Publication
Loss of HLA-DR expression and immunoblastic morphology predict adverse outcome in diffuse large B-cell lymphoma - analyses of cases from two prospective randomized clinical trials
Journal Paper/Review - Nov 1, 2009
Bernd Heinz-Wolfram, Möller Peter, Cogliatti Sergio B., Pfreundschuh Michael, Schmitz Norbert, Trümper Lorenz, Höller Silvia, Löffler Markus, Feller Alfred C, Barth Thomas F E, Müller-Hermelink Hans-Konrad, Rosenwald Andreas, Ziepert Marita, Thorns Christoph, Klapper Wolfram, Wacker Hans-Heinrich, Hummel Michael, Stein Harald, Hansmann Martin-Leo, Ott German, German High Grade Non-Hodgkin's Lymphoma Study Group (DSHNHL)
Units
PubMed
Doi
Citation
Type
Journal
Publication Date
Issn Electronic
Pages
Brief description/objective
BACKGROUND: Research on prognostically relevant immunohistochemical markers in diffuse large B-cell lymphomas has mostly been performed on retrospectively collected clinical data.
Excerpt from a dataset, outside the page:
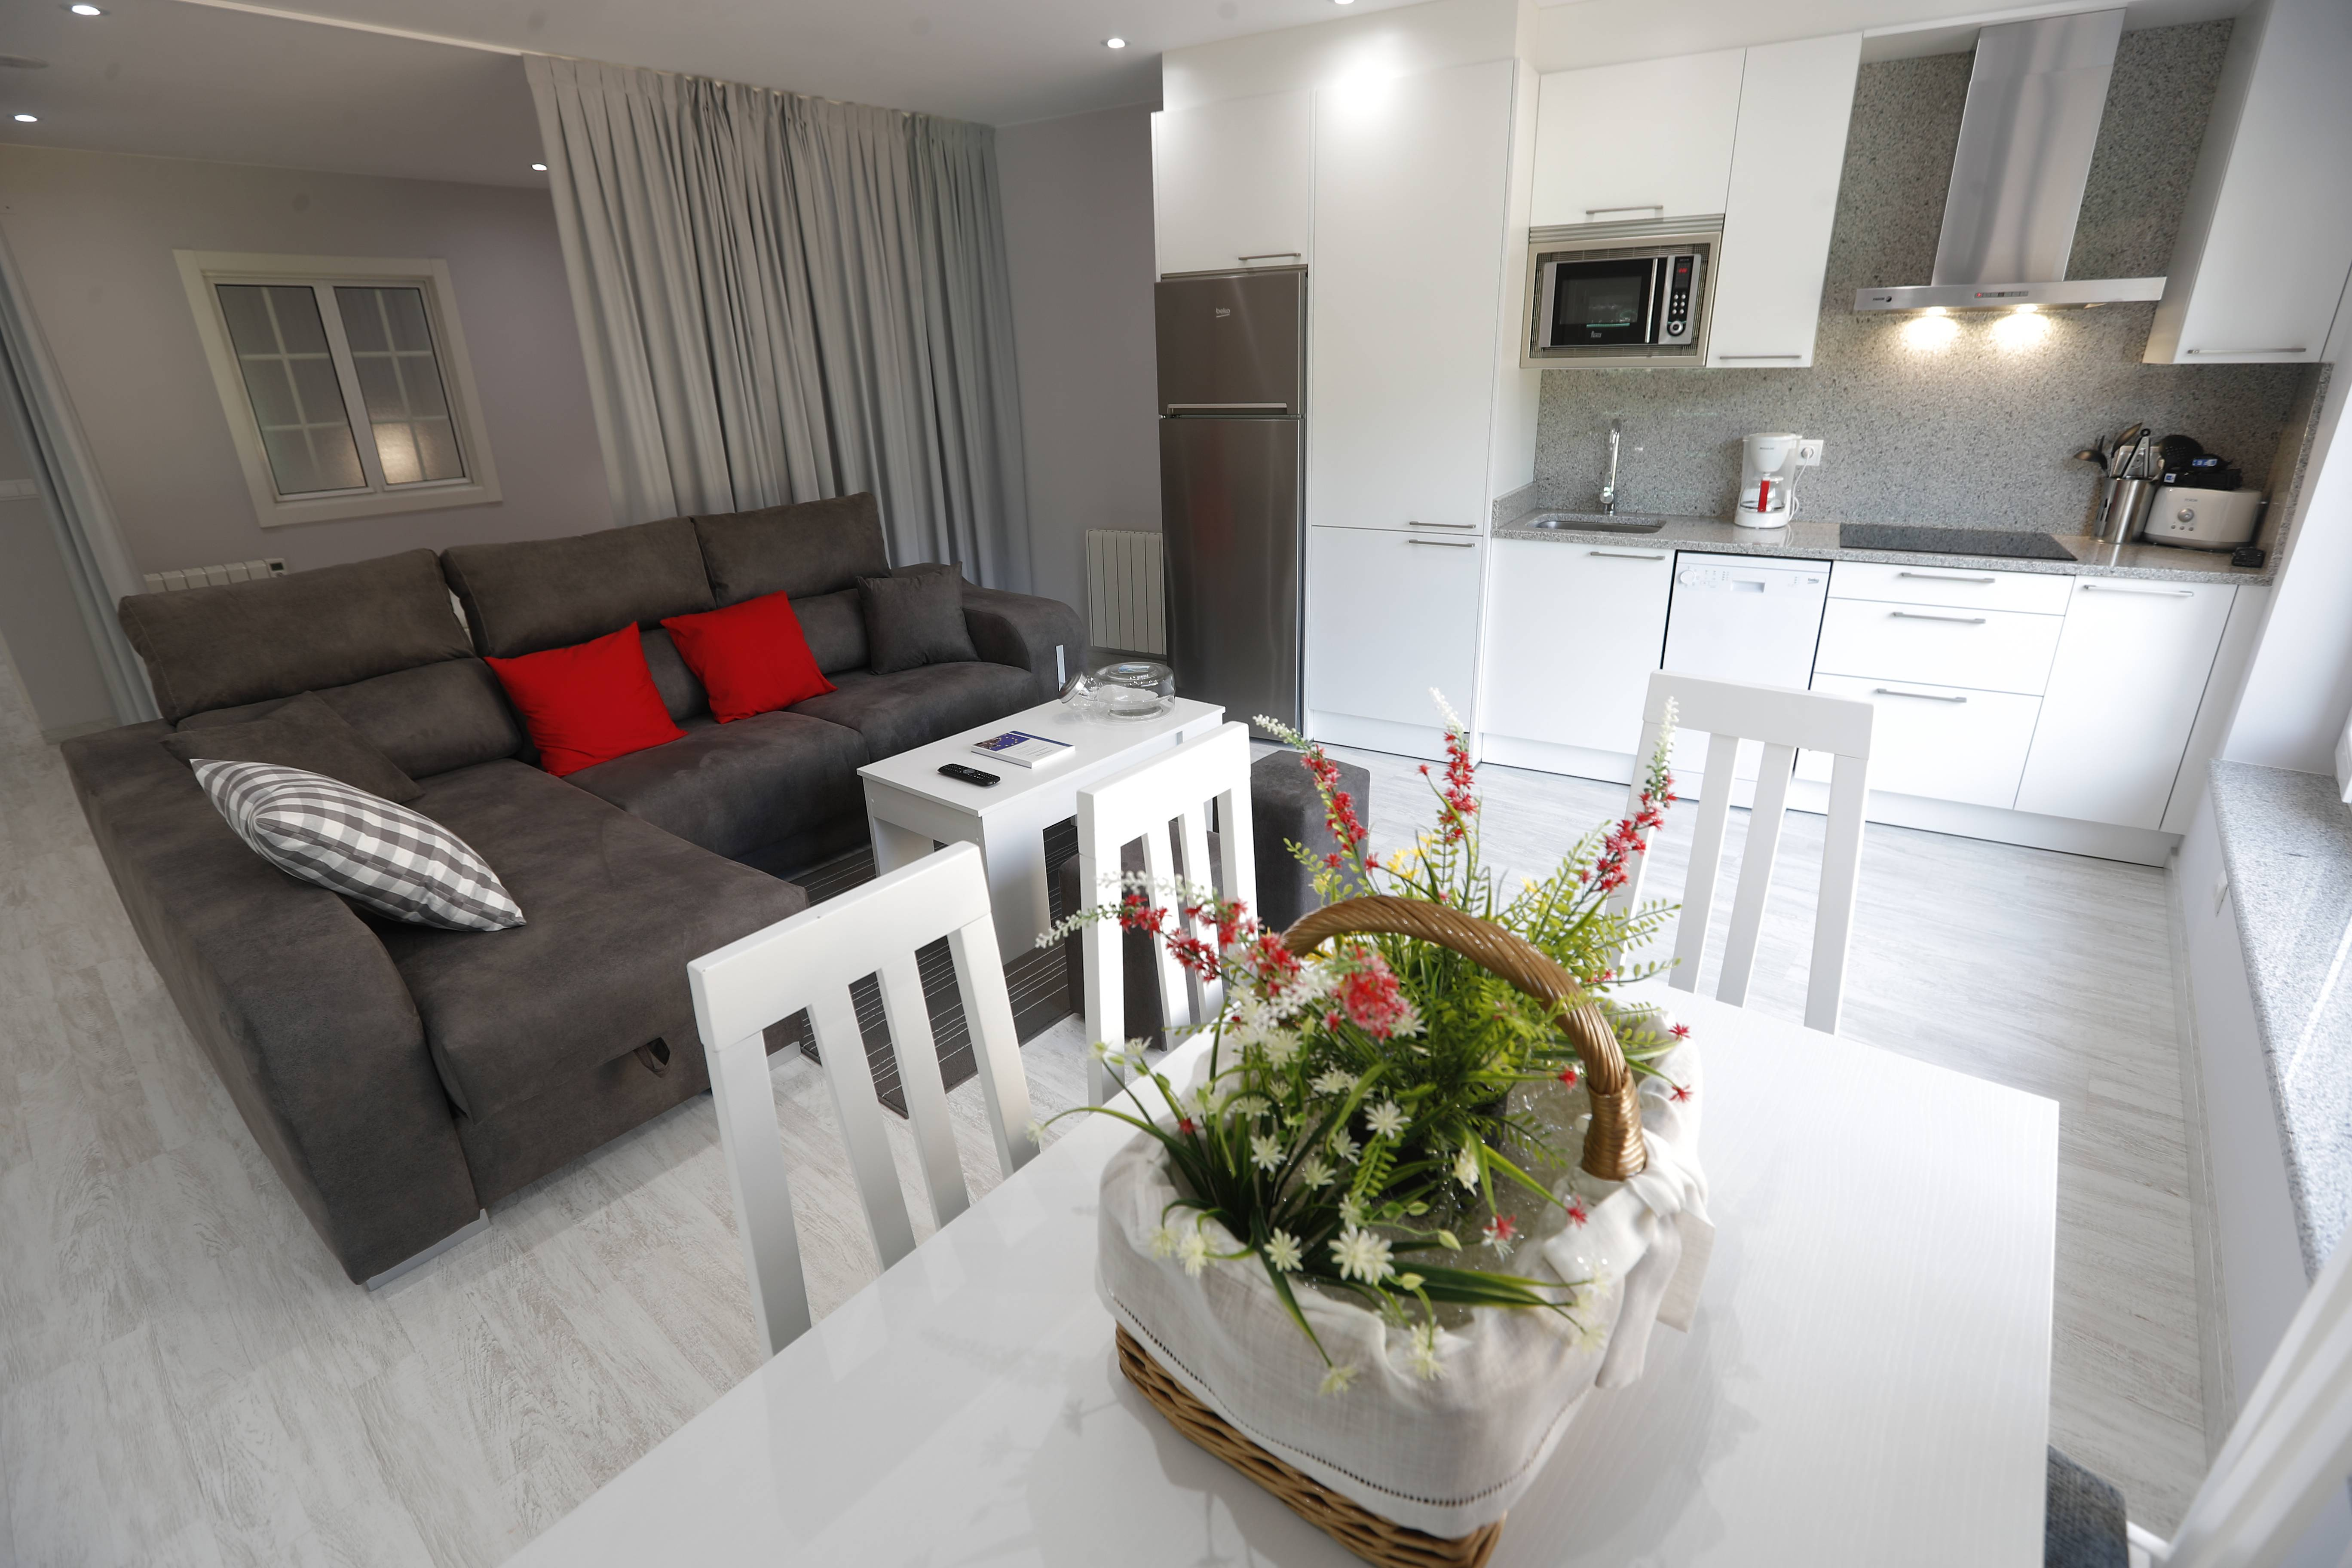 Alquiler Vacaciones Apartamentos Y Casas Rurales En Dumbr A A  # Muebles Lado Cee

This is also true for immunohistochemical classifiers that are thought to reflect the cell-of-origin subclassification of gene expression studies. In order to obtain deeper insight into the heterogeneous prognosis of diffuse large B-cell lymphomas and to validate a previously published immunohistochemical classifier, we analyzed data from a large set of cases from prospective clinical trials with long-term follow-up. DESIGN AND METHODS: We performed morphological and extensive immunohistochemical analyses in 414 cases of diffuse large B-cell lymphoma from two prospective randomized clinical trials (NHL-B1/B2, Germany). Classification into germinal center and non-germinal center subtypes of B-cell lymphoma was based on the expression pattern of CD10, BCL6, and IRF4. Multivariate analyses were performed adjusting for the factors in the International Prognostic Index. RESULTS: Analyzing 20 different epitopes on tissue microarrays, expression of HLA-DR, presence of CD23(+) follicular dendritic cell meshworks, and monotypic light chain expression emerged as International Prognostic Index-independent markers of superior overall survival. Immunoblastic morphology was found to be related to poor event-free survival. The non-germinal center subtype, according to the three-epitope classifier (CD10, BCL6, and IRF4) did not have prognostic relevance when adjusted for International Prognostic Index factors (relative risk=1.2, p=0.328 for overall survival; and relative risk=1.1, p=0.644 for event-free survival). CONCLUSIONS: The previously reported International Prognostic Index-independent prognostic value of stratification into germinal center/non-germinal center B-cell lymphoma using the expression pattern of CD10, BCL6, and IRF4 was not reproducible in our series. However, other markers and the morphological subtype appear to be of prognostic value.